The exploited action equipped the researcher with extremely valuable skills in the field of low-power time-mode analog-to-digital conversion, both of theoretical, methodological and technical nature, designing in nanoscale CMOS technologies. The main research activity has outlined that the principle of self-injection locking, exploited so as to mitigate the nonlinear tuning curve of the VCO-based ADC, proves to be insufficiently effective, although beneficial, in completely addressing the inherent nonlinearity impairments of VCO-based ADC. However, this first phase of the action paved the way towards the second VCO-based ADC design, whose development demonstrated the suitability of an alternative linearization technique, which instead proved to be perfectly effective and allows to operate the VCO-based ADC at open-loop. In addition, such technique, which leverage on a mixed voltage-current mode tuning scheme based on a programmable resistive-network, further allows the ADC to be operated at the ultra-low supply voltage of 0.2V thus considerably decreasing its power consumption and significantly improving the overall ADC power efficiency.

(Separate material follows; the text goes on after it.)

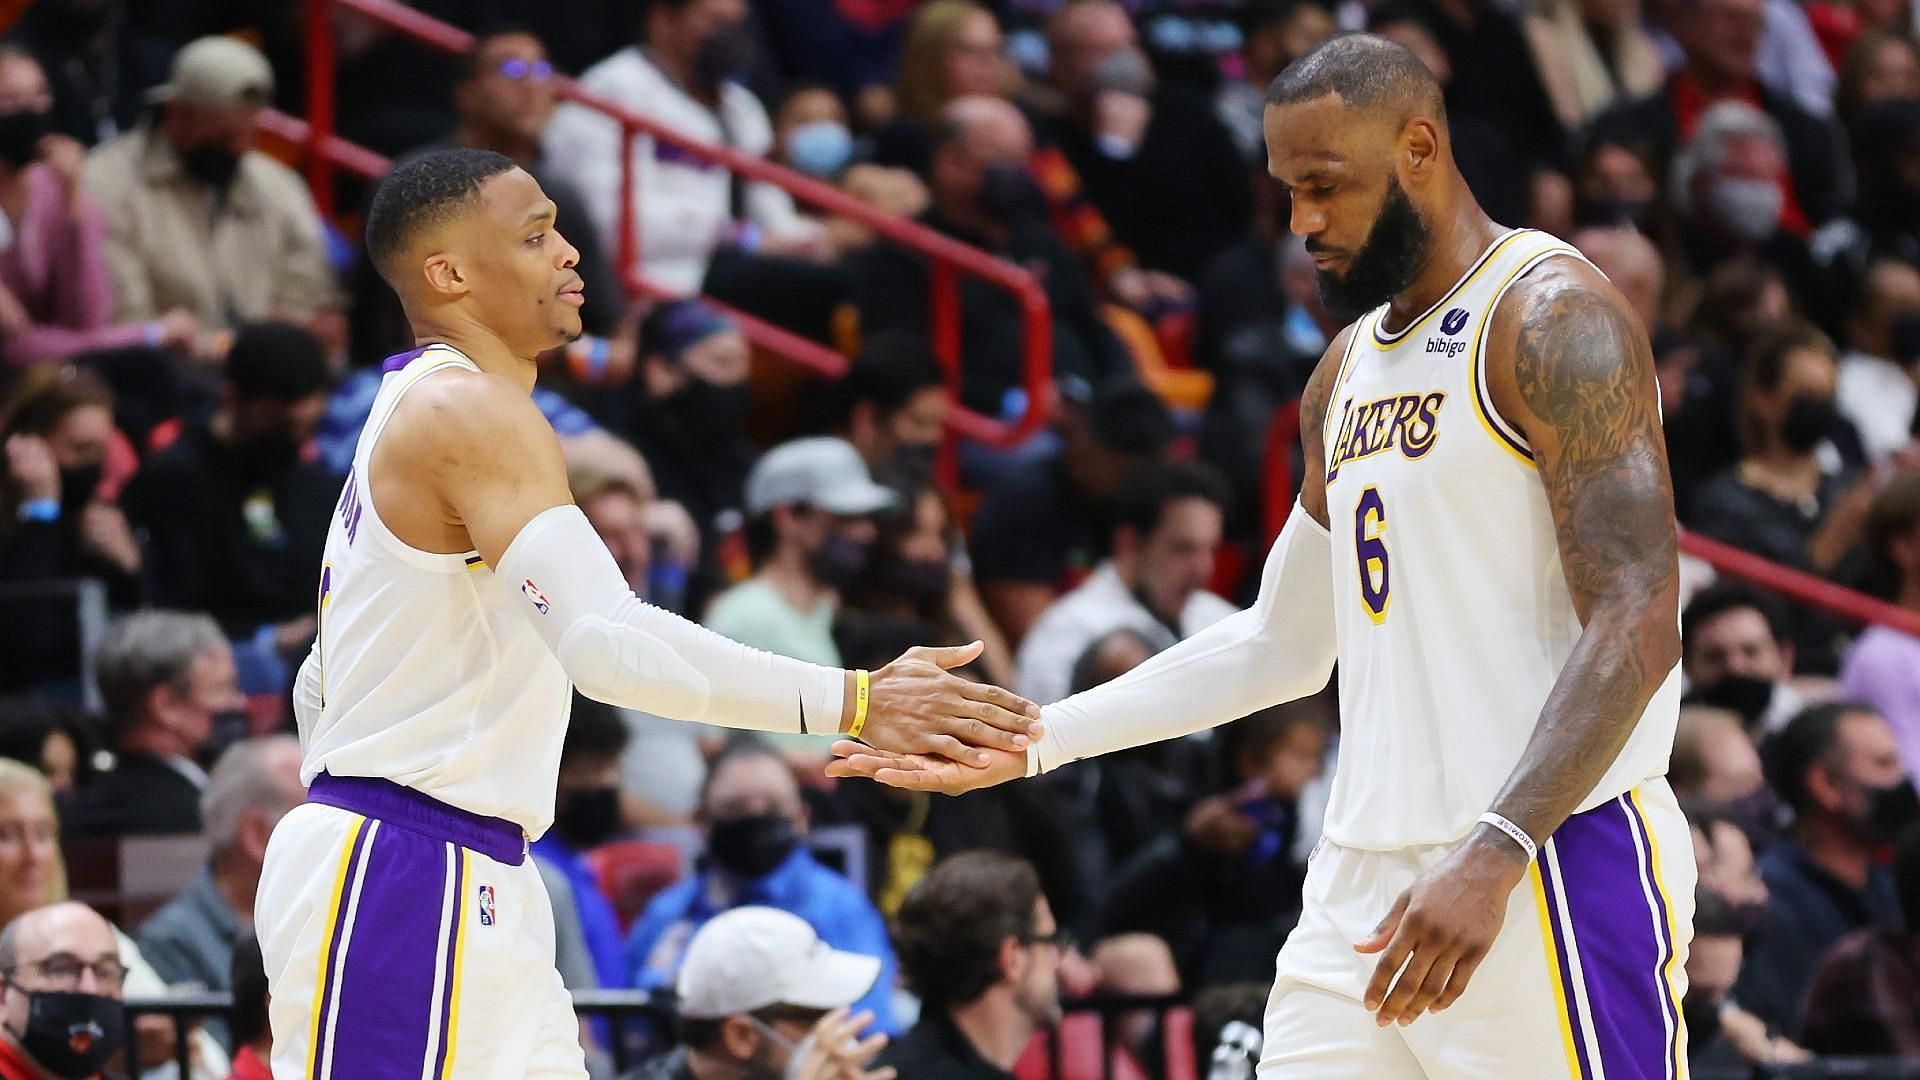 Russell Westbrook, left, and LeBron James didn&#039;t meet during the LA &lt;a href=&#039;https://www.sportskeeda.com/basketball/los-angeles-lakers&#039; target=&#039;_blank&#039; rel=&#039;noopener noreferrer&#039;&gt;Lakers&lt;/a&gt;&#039; Summer League game against the Phoenix Suns. [Photo: Sporting News]

The work performed can be divided into three distinguished phases: 1) experimental validation of the first circuit prototype, 2) second design iteration and 3) experimental validation of the second prototype. The first phase validated the idea implemented in the first design, thus verifying the validity of all of the assumptions made in the feasibility study presented in the grant proposal of this project. The outcomes from this first phase represented the starting point of the second phase, whose focus was to refine and explore alternative linearization techniques suitable for operating the VCO-based ADC at open loop and to moreover extend the applications scenario to ultra-low-voltage applications. The third phase dealt instead with the electrical measurements of the second IC prototype, fabricated in the low-power flavor of a standard 28nm bulk CMOS technology.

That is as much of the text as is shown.